→ **Brief**
Every record that follows must be given again exactly.

==== Extracted material

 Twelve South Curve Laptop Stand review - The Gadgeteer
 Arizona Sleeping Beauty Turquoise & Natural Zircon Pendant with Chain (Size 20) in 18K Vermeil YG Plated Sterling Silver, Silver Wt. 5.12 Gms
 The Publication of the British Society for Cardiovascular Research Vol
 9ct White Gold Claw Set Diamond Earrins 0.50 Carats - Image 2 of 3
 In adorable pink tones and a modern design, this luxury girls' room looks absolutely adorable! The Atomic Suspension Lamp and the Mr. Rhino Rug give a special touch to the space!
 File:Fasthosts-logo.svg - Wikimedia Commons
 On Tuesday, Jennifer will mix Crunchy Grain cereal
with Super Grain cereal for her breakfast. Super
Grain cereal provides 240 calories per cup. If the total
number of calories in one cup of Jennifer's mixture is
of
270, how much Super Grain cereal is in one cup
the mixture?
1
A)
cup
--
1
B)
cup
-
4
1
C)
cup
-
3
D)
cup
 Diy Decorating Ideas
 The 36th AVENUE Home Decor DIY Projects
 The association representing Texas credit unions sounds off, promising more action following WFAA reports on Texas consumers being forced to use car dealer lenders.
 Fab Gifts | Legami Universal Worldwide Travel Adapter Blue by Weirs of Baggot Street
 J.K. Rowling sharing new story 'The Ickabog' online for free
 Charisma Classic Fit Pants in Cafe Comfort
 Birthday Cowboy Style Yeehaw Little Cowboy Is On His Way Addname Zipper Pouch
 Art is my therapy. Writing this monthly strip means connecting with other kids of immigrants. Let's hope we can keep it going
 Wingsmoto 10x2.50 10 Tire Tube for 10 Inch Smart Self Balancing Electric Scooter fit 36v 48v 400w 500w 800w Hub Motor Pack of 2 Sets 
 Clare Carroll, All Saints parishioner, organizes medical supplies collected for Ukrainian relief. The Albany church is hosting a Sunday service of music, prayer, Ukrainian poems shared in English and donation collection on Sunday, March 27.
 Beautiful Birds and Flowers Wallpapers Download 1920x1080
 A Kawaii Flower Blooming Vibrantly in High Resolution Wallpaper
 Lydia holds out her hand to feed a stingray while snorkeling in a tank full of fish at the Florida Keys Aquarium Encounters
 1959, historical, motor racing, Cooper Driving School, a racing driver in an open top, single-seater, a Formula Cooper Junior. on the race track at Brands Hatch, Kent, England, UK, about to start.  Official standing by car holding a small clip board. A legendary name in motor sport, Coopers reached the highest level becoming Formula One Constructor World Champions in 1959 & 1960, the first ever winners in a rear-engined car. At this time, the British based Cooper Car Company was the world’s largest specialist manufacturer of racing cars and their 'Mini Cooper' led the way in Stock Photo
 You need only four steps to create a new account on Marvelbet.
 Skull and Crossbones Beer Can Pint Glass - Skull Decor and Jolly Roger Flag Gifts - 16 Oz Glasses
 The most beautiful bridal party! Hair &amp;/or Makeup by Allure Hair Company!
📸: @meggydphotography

========

→ **Answer for this exercise**
 Twelve South Curve Laptop Stand review - The Gadgeteer
 Arizona Sleeping Beauty Turquoise & Natural Zircon Pendant with Chain (Size 20) in 18K Vermeil YG Plated Sterling Silver, Silver Wt. 5.12 Gms
 The Publication of the British Society for Cardiovascular Research Vol
 9ct White Gold Claw Set Diamond Earrins 0.50 Carats - Image 2 of 3
 In adorable pink tones and a modern design, this luxury girls' room looks absolutely adorable! The Atomic Suspension Lamp and the Mr. Rhino Rug give a special touch to the space!
 File:Fasthosts-logo.svg - Wikimedia Commons
 On Tuesday, Jennifer will mix Crunchy Grain cereal
with Super Grain cereal for her breakfast. Super
Grain cereal provides 240 calories per cup. If the total
number of calories in one cup of Jennifer's mixture is
of
270, how much Super Grain cereal is in one cup
the mixture?
1
A)
cup
--
1
B)
cup
-
4
1
C)
cup
-
3
D)
cup
 Diy Decorating Ideas
 The 36th AVENUE Home Decor DIY Projects
 The association representing Texas credit unions sounds off, promising more action following WFAA reports on Texas consumers being forced to use car dealer lenders.
 Fab Gifts | Legami Universal Worldwide Travel Adapter Blue by Weirs of Baggot Street
 J.K. Rowling sharing new story 'The Ickabog' online for free
 Charisma Classic Fit Pants in Cafe Comfort
 Birthday Cowboy Style Yeehaw Little Cowboy Is On His Way Addname Zipper Pouch
 Art is my therapy. Writing this monthly strip means connecting with other kids of immigrants. Let's hope we can keep it going
 Wingsmoto 10x2.50 10 Tire Tube for 10 Inch Smart Self Balancing Electric Scooter fit 36v 48v 400w 500w 800w Hub Motor Pack of 2 Sets 
 Clare Carroll, All Saints parishioner, organizes medical supplies collected for Ukrainian relief. The Albany church is hosting a Sunday service of music, prayer, Ukrainian poems shared in English and donation collection on Sunday, March 27.
 Beautiful Birds and Flowers Wallpapers Download 1920x1080
 A Kawaii Flower Blooming Vibrantly in High Resolution Wallpaper
 Lydia holds out her hand to feed a stingray while snorkeling in a tank full of fish at the Florida Keys Aquarium Encounters
 1959, historical, motor racing, Cooper Driving School, a racing driver in an open top, single-seater, a Formula Cooper Junior. on the race track at Brands Hatch, Kent, England, UK, about to start.  Official standing by car holding a small clip board. A legendary name in motor sport, Coopers reached the highest level becoming Formula One Constructor World Champions in 1959 & 1960, the first ever winners in a rear-engined car. At this time, the British based Cooper Car Company was the world’s largest specialist manufacturer of racing cars and their 'Mini Cooper' led the way in Stock Photo
 You need only four steps to create a new account on Marvelbet.
 Skull and Crossbones Beer Can Pint Glass - Skull Decor and Jolly Roger Flag Gifts - 16 Oz Glasses
 The most beautiful bridal party! Hair &amp;/or Makeup by Allure Hair Company!
📸: @meggydphotography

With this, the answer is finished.